- Exercise aim -
Once the pictures are set aside, transcribe each line of the listing exactly.

- Collected data -
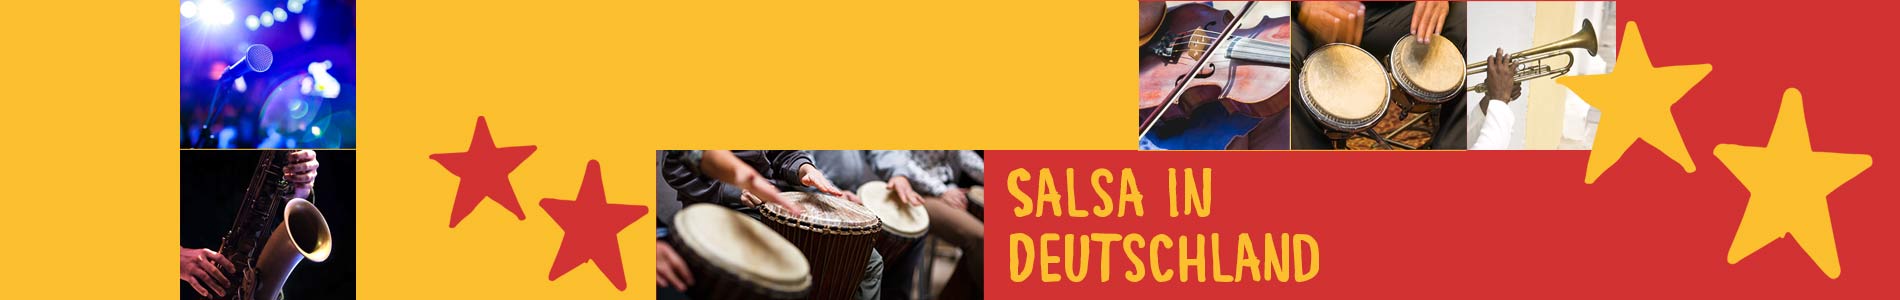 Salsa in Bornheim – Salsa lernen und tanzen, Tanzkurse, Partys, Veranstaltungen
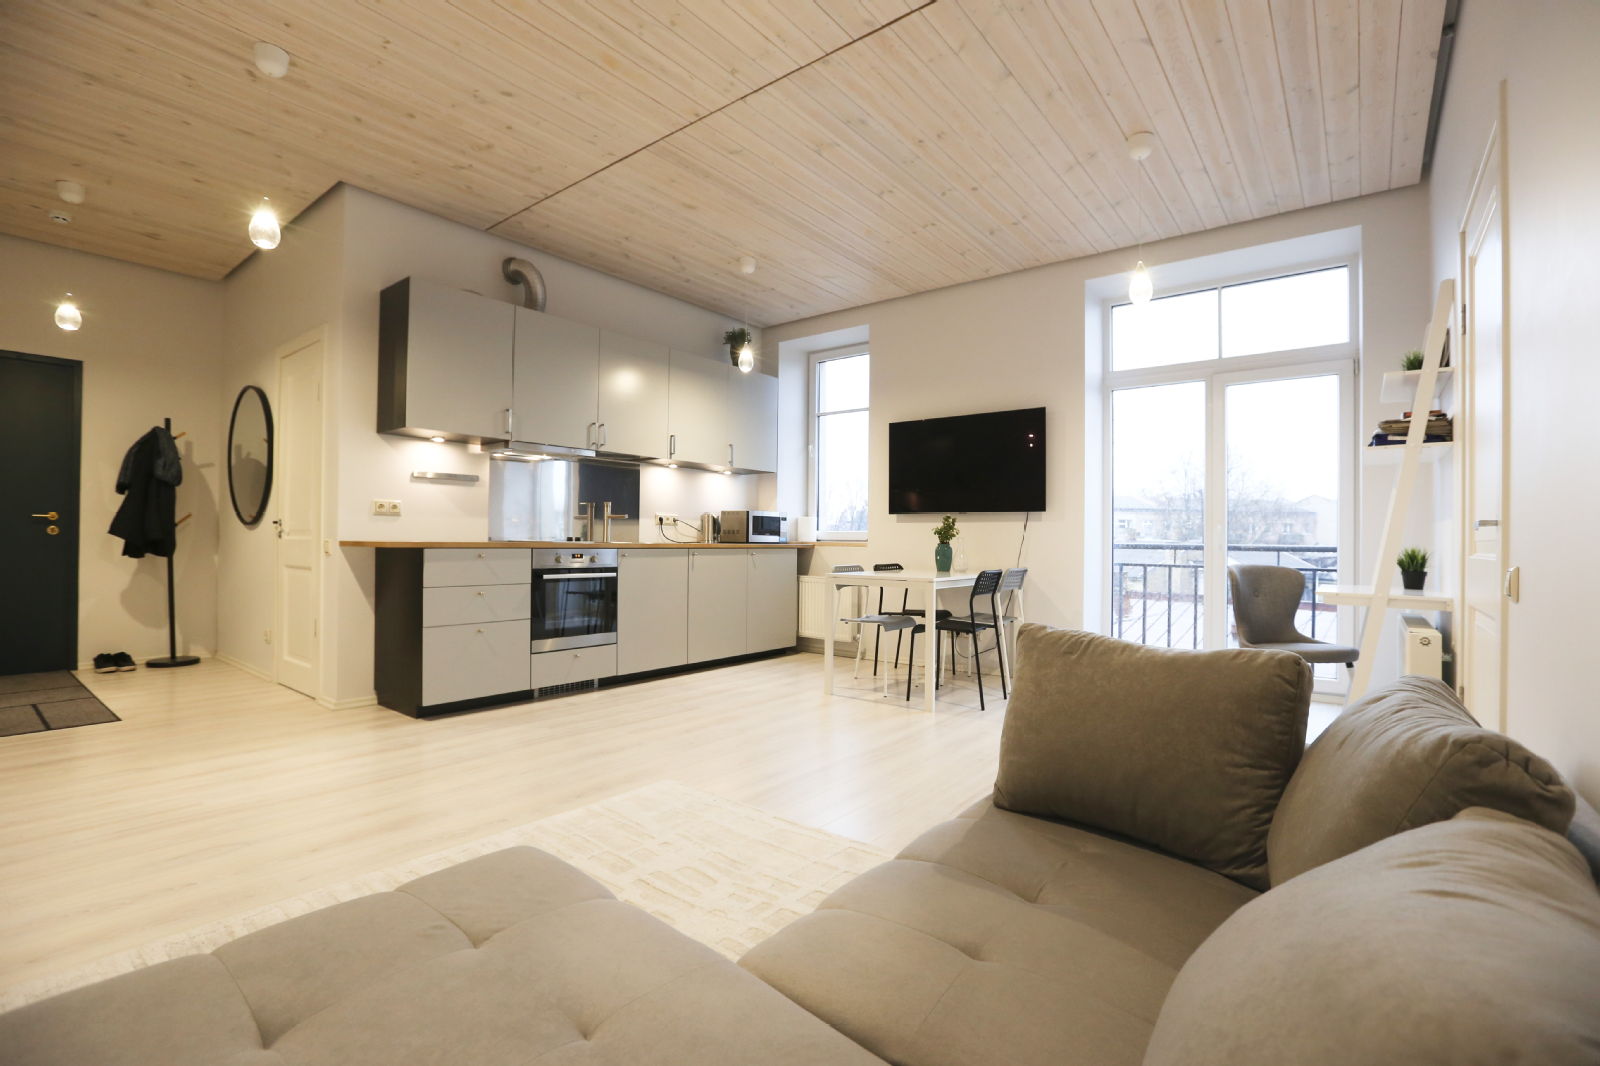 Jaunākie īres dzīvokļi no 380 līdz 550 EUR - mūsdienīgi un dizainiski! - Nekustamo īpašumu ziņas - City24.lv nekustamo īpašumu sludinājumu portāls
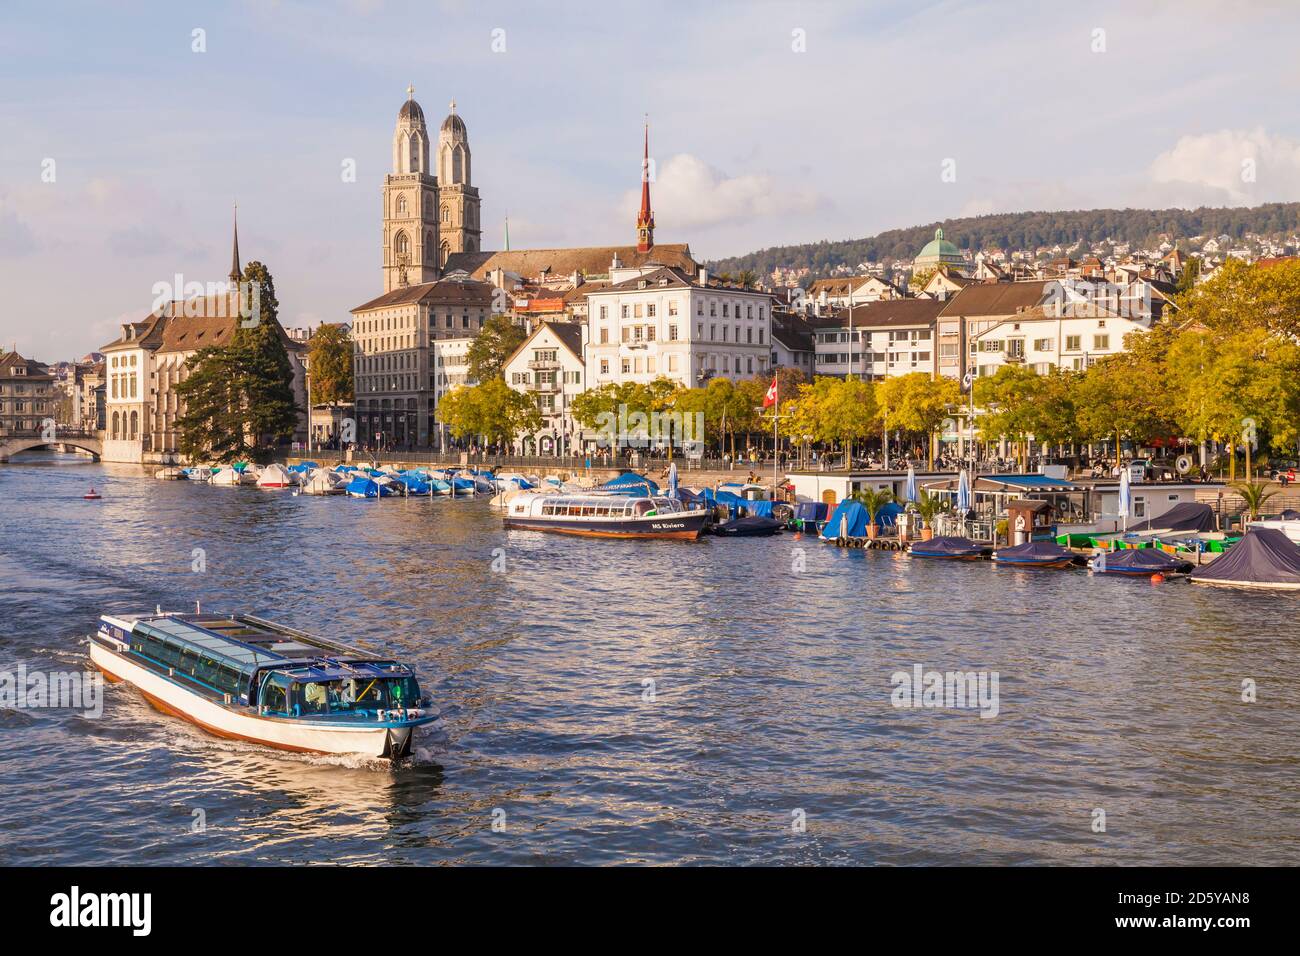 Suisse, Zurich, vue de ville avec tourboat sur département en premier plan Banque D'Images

- Output of the task -
 Salsa in Bornheim – Salsa lernen und tanzen, Tanzkurse, Partys, Veranstaltungen
 Jaunākie īres dzīvokļi no 380 līdz 550 EUR - mūsdienīgi un dizainiski! - Nekustamo īpašumu ziņas - City24.lv nekustamo īpašumu sludinājumu portāls
 Suisse, Zurich, vue de ville avec tourboat sur département en premier plan Banque D'Images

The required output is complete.